If young people of the war generation repudiate further study, the nation will lose whole classes of citizens with trained talents at a time when such citizens will be urgently needed; and all the veterans who justly have the first claim, will lost the advantages which education and training would give them in the long run. In addition, colleges would continue to suffer from depletion of their student bodies for many years after the war. The tradition of liberal arts once interrupted cannot be easily revived.
As yet there is no national organization which encourages and aids young people, both soldiers and workers, men and women, to resume their studies.
The Faculty, therefore, early in April unanimously accepted a plan worked out by Dr Erwin Straus during the Spring Vacation. The College had already presented a plan for the education of veterans. Although this has been favorably received by the War Department, there have been difficulties in the way of its execution. However, according to our latest information, it is still under consideration. This second plan could be added to or substituted for the first, since they differ in scope and administration. The former plan dealt exclusively with the education of veterans, emphasized the educational problems of the duration, and assumed the financial responsibility of the government; while the second plan includes civilians as well as soldiers, looks forward to the post-war situation, and is based upon self-help.
The plan is based on the assumption that many with the Armed Forces, with the WAAC and WAVES, or working in essential industries could now save the funds necessary for future studies.

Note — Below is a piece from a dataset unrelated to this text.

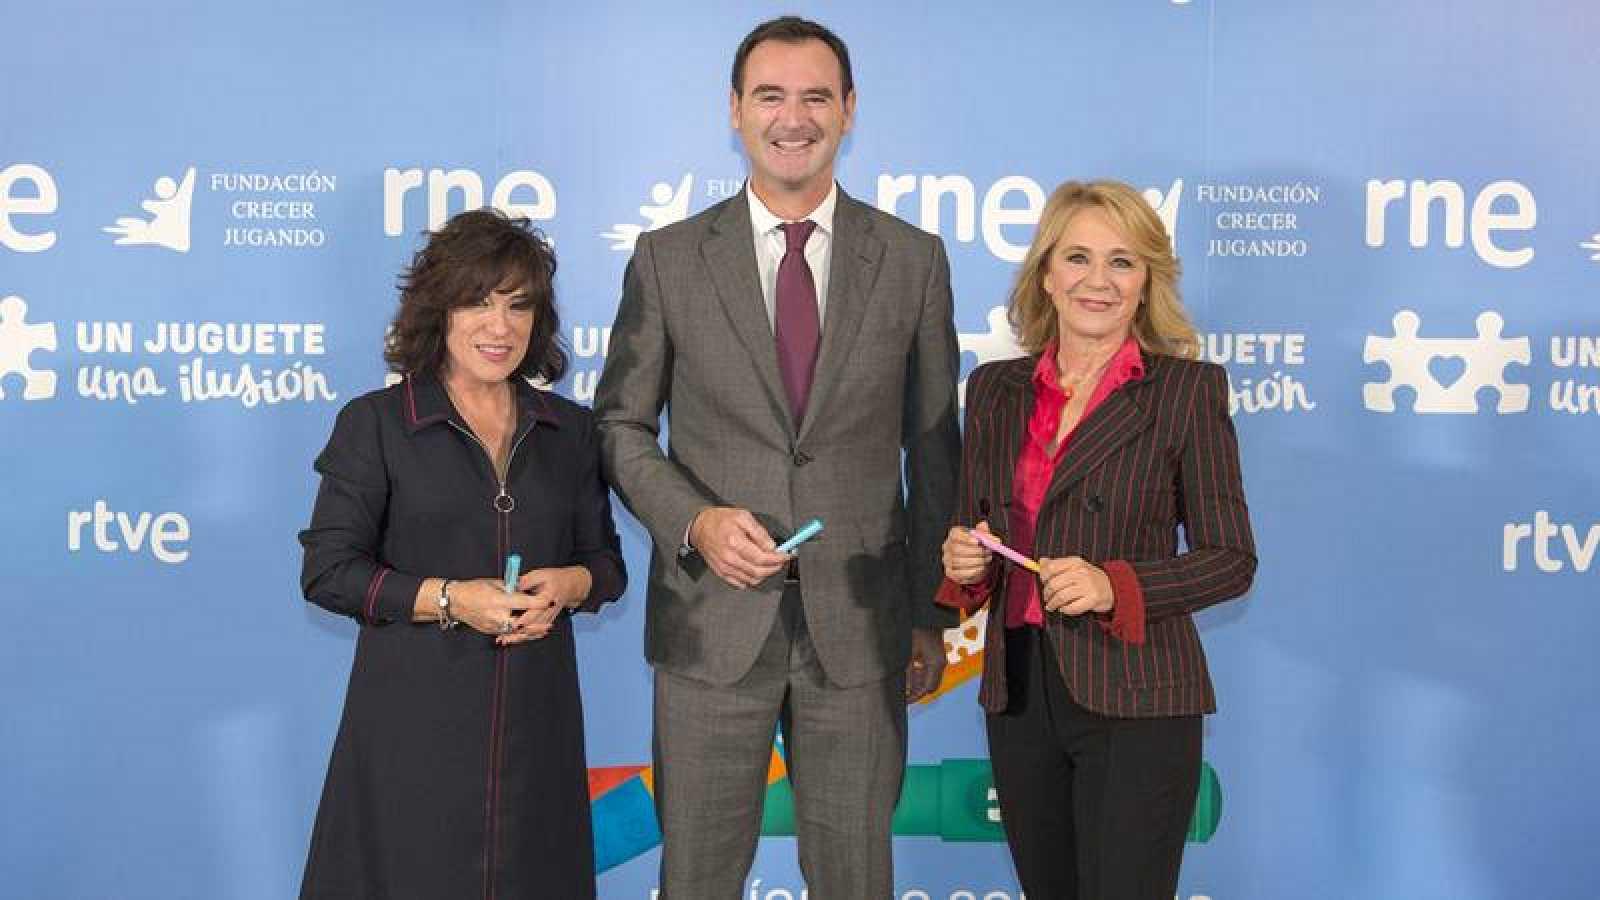 Paloma Zuriaga, José Antonio Pastor y Elena Sánchez Caballero
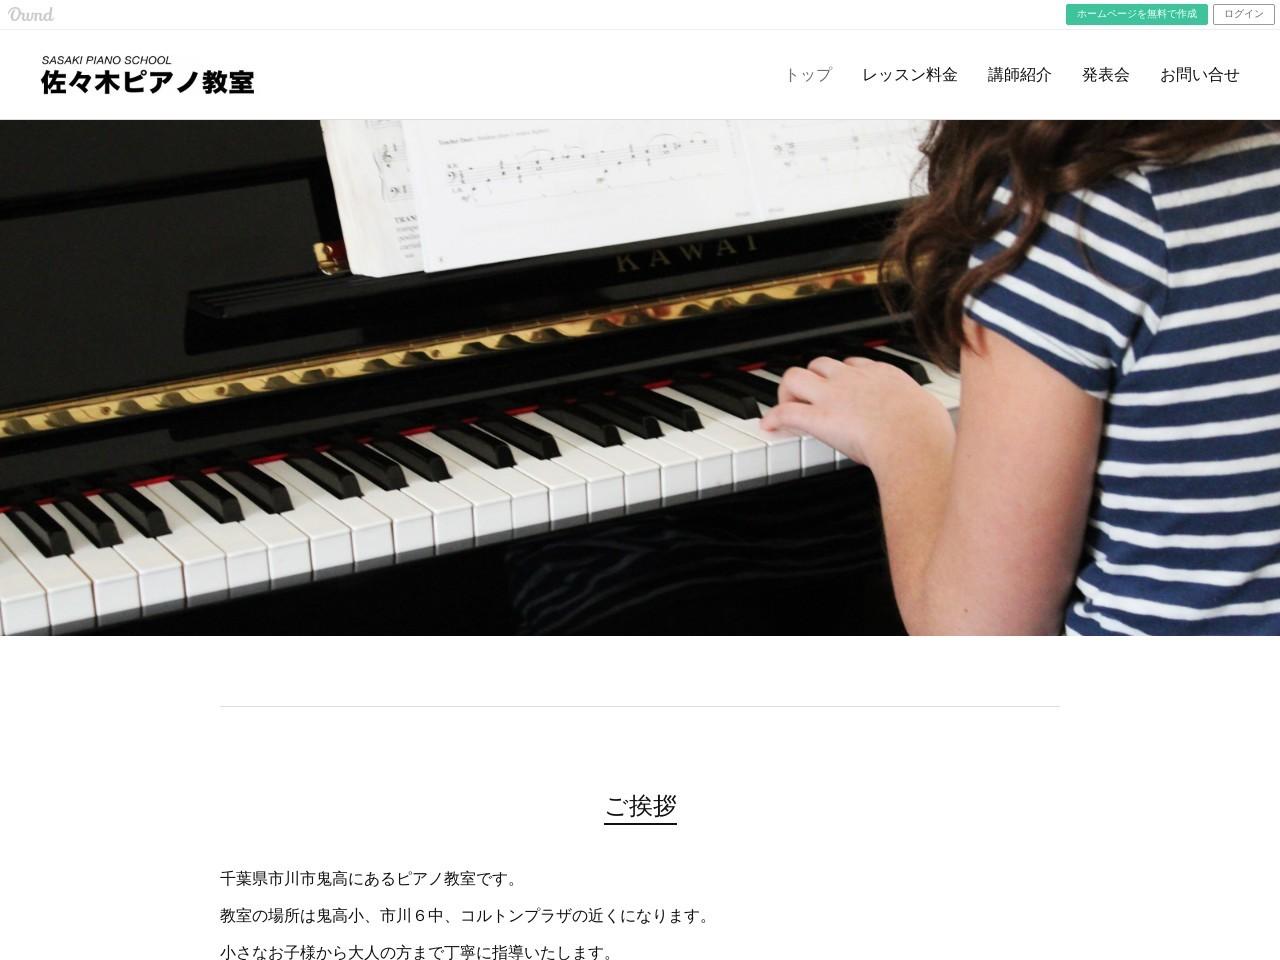 佐々木ピアノ教室のサムネイル

Therefore, those who look forward to taking up study after the war should now choose a college or university and apply for admission. If admitted they should start to pay monthly in installments the annual fee set by their chosen institution at the time of their entrance into the savings plan. The completed payment for one or more academic years should guarantee them the right to study for a corresponding period, whatever the fees of the institution may be later on. Thus they will acquire a claim protected against inflation. Those whose studies are interrupted by the war should make appropriate arrangements with their college for continued studies under this plan. The amounts paid would be accepted and deposited by a special savings trust company incorporated under federal and state law. The amount paid would remain at the disposal of the applicants. After the war they could choose to enter a college or university or to get their money back.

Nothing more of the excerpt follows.